_TO DO_
Look through the data below for the line with "Ευτυχές ζεύγος που" and the line with "Lol Überraschung Omg", then output those two and all lines in between, exactly as written.
[DATA SECTION — start]
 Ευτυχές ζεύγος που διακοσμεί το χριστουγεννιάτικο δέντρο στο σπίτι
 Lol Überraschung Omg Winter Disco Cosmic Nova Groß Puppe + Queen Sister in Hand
[DATA SECTION — finish]
[DATA SECTION — start]
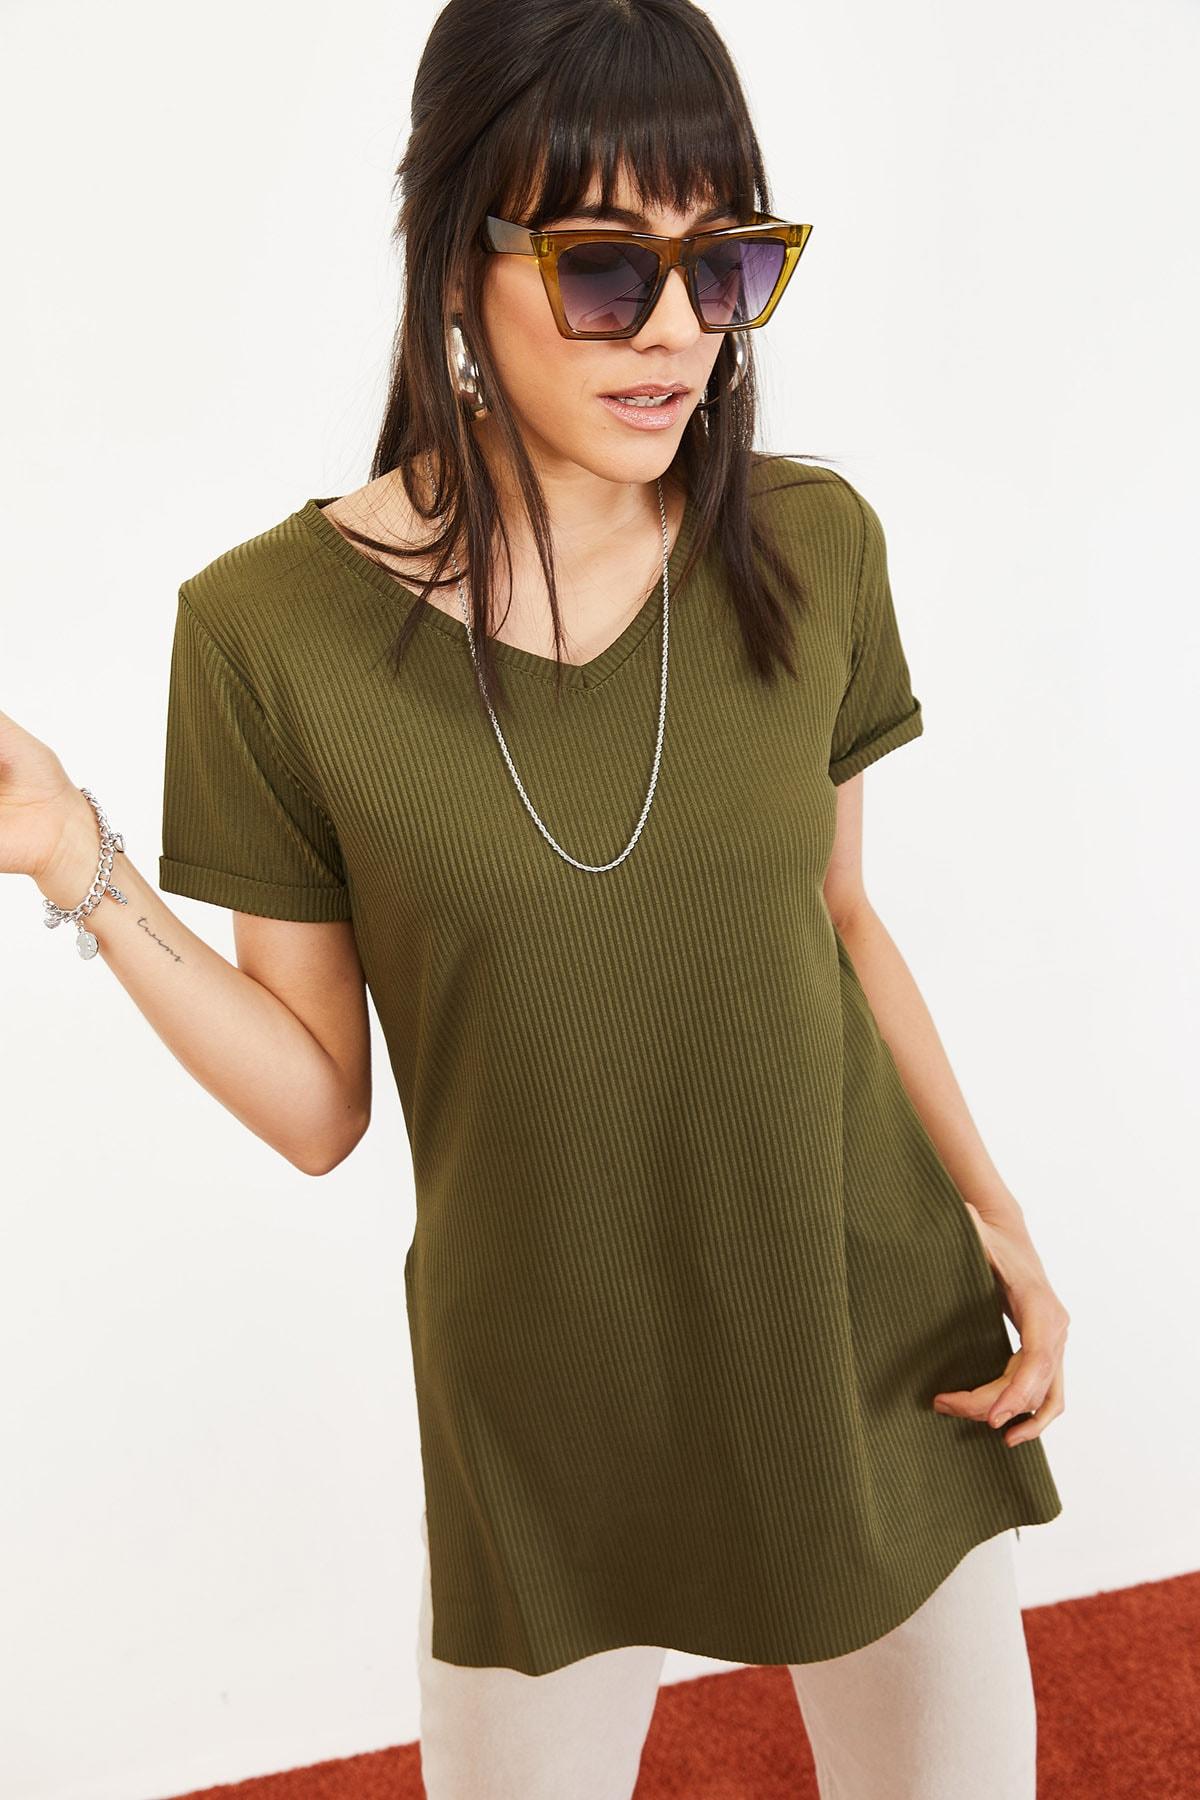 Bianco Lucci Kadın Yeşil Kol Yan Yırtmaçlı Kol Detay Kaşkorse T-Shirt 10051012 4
[DATA SECTION — finish]
_RESULT_
 Ευτυχές ζεύγος που διακοσμεί το χριστουγεννιάτικο δέντρο στο σπίτι
 Lol Überraschung Omg Winter Disco Cosmic Nova Groß Puppe + Queen Sister in Hand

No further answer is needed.